En 1983 el cardenal Corripio, arzobispo de México, prohibió la celebración de un congreso de teología. Lo organizaban los pasionistas para celebrar, según su carisma, el año de la redención, que estaba siendo propiciado por Juan Pablo II. Querían tratar teológicamente el tema de la cruz de Cristo y la de nuestros pueblos. Me invitaron y acepté. Después me comunicaron la prohibición del cardenal. La razón, o una razón importante, era que yo iba a tener dos conferencias en el congreso.
En Honduras, el arzobispo regañó a un grupo de religiosas porque habían ido a una diócesis cercana a escuchar una conferencia mía. Me había invitado el obispo. Creo que su nombre era monseñor Corrivau, canadiense.

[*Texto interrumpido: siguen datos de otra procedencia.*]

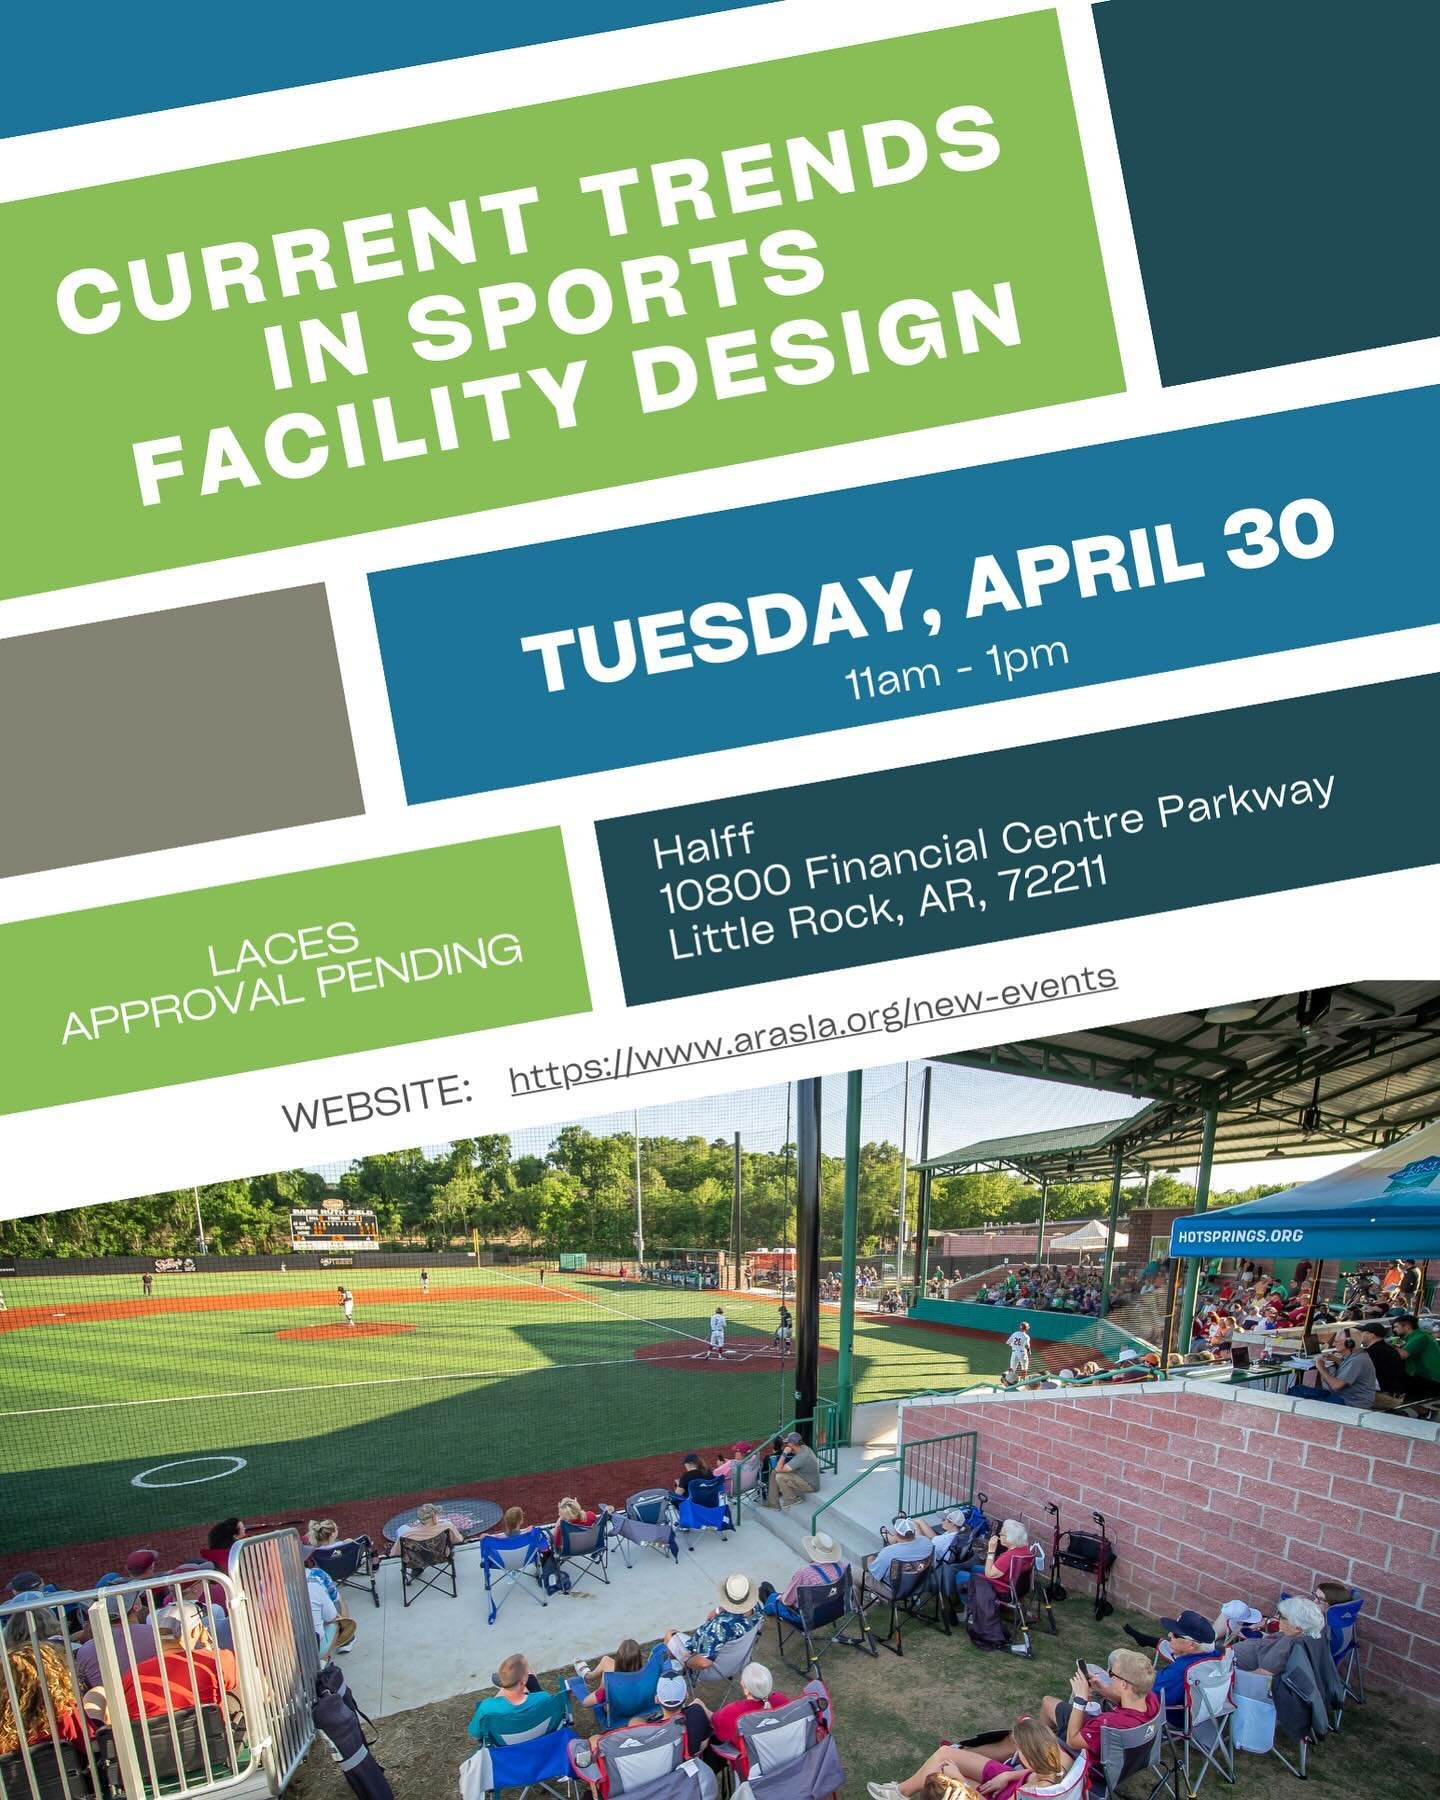 UPDATE: This course is now approved by LACES for 2 CEUs! Please join us for a course by Sally Horsey of Halff on Current Trends in Sports Facility Design! Lunch will be provided and LACES approval is pending for CEUs. Please register at the following

Sólo un ejemplo más para no cansarle. En 1987 ó 1988, más o menos, recibí una invitación a hablar a un numeroso grupo de laicos en Argentina, en la diócesis de monseñor Hesayne. Se trataba de revitalizar a los cristianos que habían sufrido durante la dictadura. Y acepté. Poco después recibí una carta de monseñor Hesayne diciéndome que mi visita a su diócesis había sido objeto de debate en una reunión de la Conferencia Episcopal. El cardenal Primatesta dijo que le parecía muy mal que yo fuese a hablar a Argentina. Monseñor Hesayne me defendió como persona y defendió mi ortodoxia. Le preguntó al cardenal si había leído algún libro mío, y reconoció que no. Sin embargo, el obispo se vio obligado a cancelar la invitación. Me escribió y se disculpó con mucho cariño y humildad, y me pidió que comprendiese la situación. Le contesté que la comprendía y que le agradecía.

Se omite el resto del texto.